Theory and method of variable structure control

The concepts and methods of the variable structure control (VSC); VSC of the linear systems; VSC of the nonlinear linear systems; some specialized problems of the VSC (following system, adaptive model following system, uncertainly systems, model arrived system, large-scale system, nonlinear large-scale systems, delay systems); the applications of the VSC (saturation control method, robot dynamics model, VSC method, state observer, fault-tolerance VSC, VSC of the discrete time systems ).

Linear system theory

Linear system theory: state space description, motion analysis, controllability and observability, stability analysis, and approaches of time-domain synthesis

Discrete control systems

The basic concepts of the discrete systems, the basic properties of the discrete control systems, the feed-back control of the linear systems, optimal control method (variational method and maximum volume principle, dynamic programming), linear quadratic form Gauss problems.

Graph Theory

The main task of Graph Theory is to discuss the structures and properties of systems with 2-elements relations by making use of deep and elegant techniques. This course presents basic theory and main technique, together with a wide variety of applications both to other branches of mathematics and to practical problems. The topics included are basic definitions, trees, Euler tour and Hamilton cycles, matching, independent sets and cliques, coloring, planar graphs and so on. In addition, the application part includes connection problem, assignment problem, Chinese postman problem and ranking in a tournament

Generating functionnlogy

Generating functions are extensively used in discrete mathematics. They are a bridge between discrete mathematics, on the one hand, and continuous analysis on the other. It is possible to study them as tools for solving discrete problems. As such there is much that is powerful and magical in the way generating functions give unified methods for handling such problems. It is concerned with the academic study of Generating function, and some applications to discrete mathematics.

Complex Network Theory

This course is mainly in the study of complex network theory in general, including the topology character and model of network, such as communicative behavior in complex network, cascading failure, search algorithm and community structure, as well as synchronism and control of complex network.
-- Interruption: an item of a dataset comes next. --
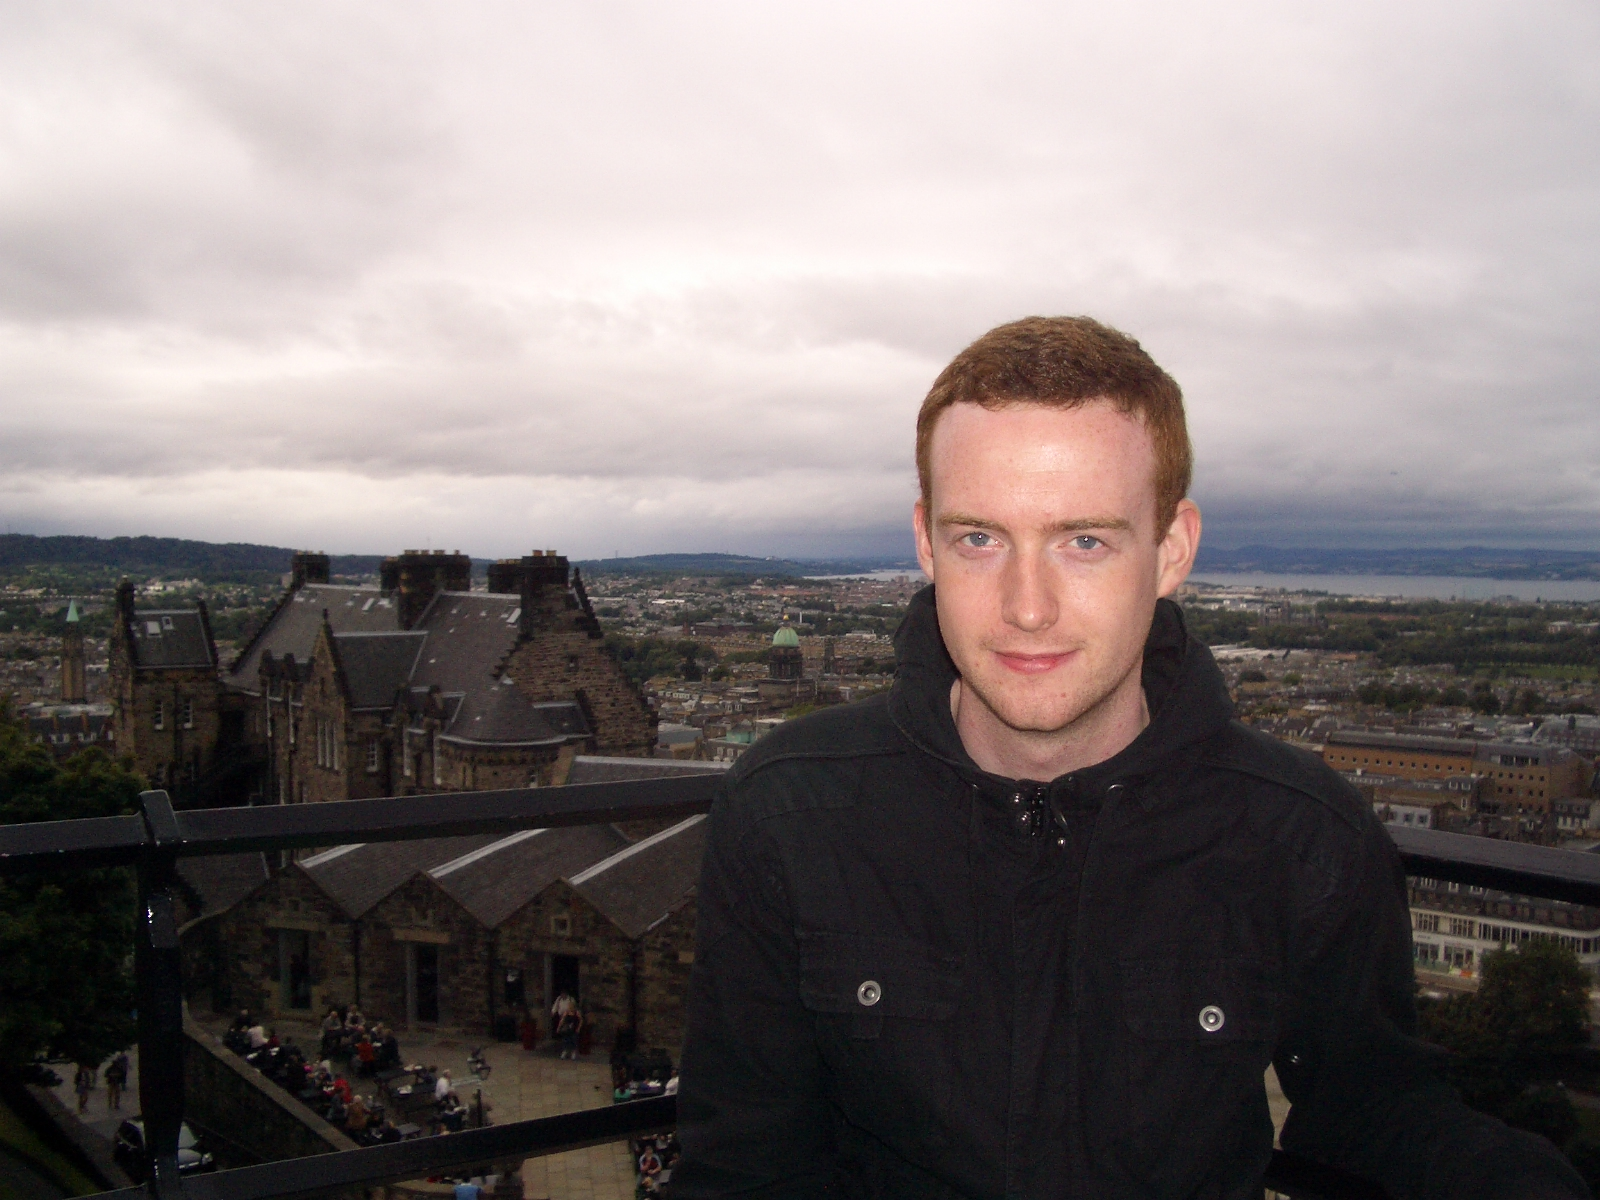 Gavin Craig
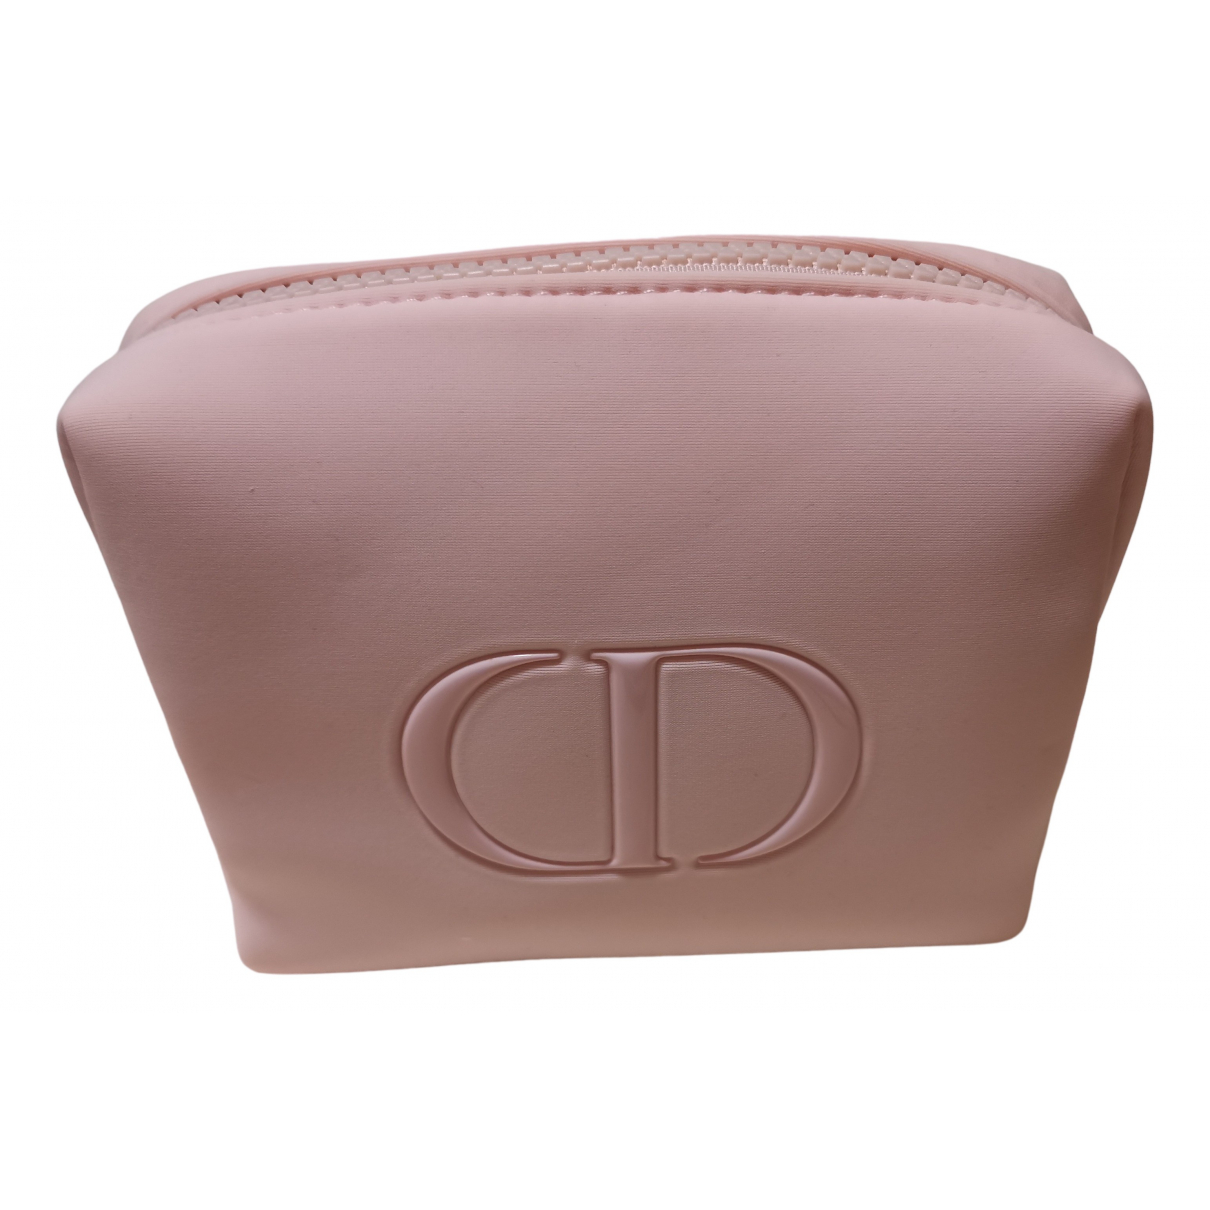 Dior N Pink Travel bag for Women N

Theory of computational complexity

This course contains basic definitions concerning NP-completeness and NP-hardness, theoretical results with proof methodology, some general approaches for the design of approximation algorithms for NP-hard problems, and some non-approximability results.

Approximation algorithms

Approximation algorithms have developed in response to the impossibility of solving a great variety of important optimization problems. Too frequently, when attempting to get a solution for a problem, one is confronted with the fact that the problem is NP-hard, which means that there unlikely exists an efficient algorithm for the problem unless P=NP. Charting the landscape of approximability of NP-hard problems, via polynomial time algorithms, therefore becomes a compelling subject of scientific inquiry in computer science and mathematics. This course covers the theory of approximation algorithms as it stands today. It includes combinatorial algorithms, linear programming and semi-definite programmingbased algorithms for a number of important classical problems as well as very recent ones.

Matrix analysis

Matrix analysis: linear space and linear transformation, inner space, standard form of matrix and some decompositions, matrix functions and their applications, eigenvalue estimate and general converse matrix.

Principle of Automatic Control

General concept of automatic control;mathematics model of control system; the time-domain analysis method, root locus method, the method of frequency domain and calibration methods of the linear system; analysis and correction of the linear discrete system; analysis of the nonlinear control systems; analysis and synthesis of the state space for the linear system.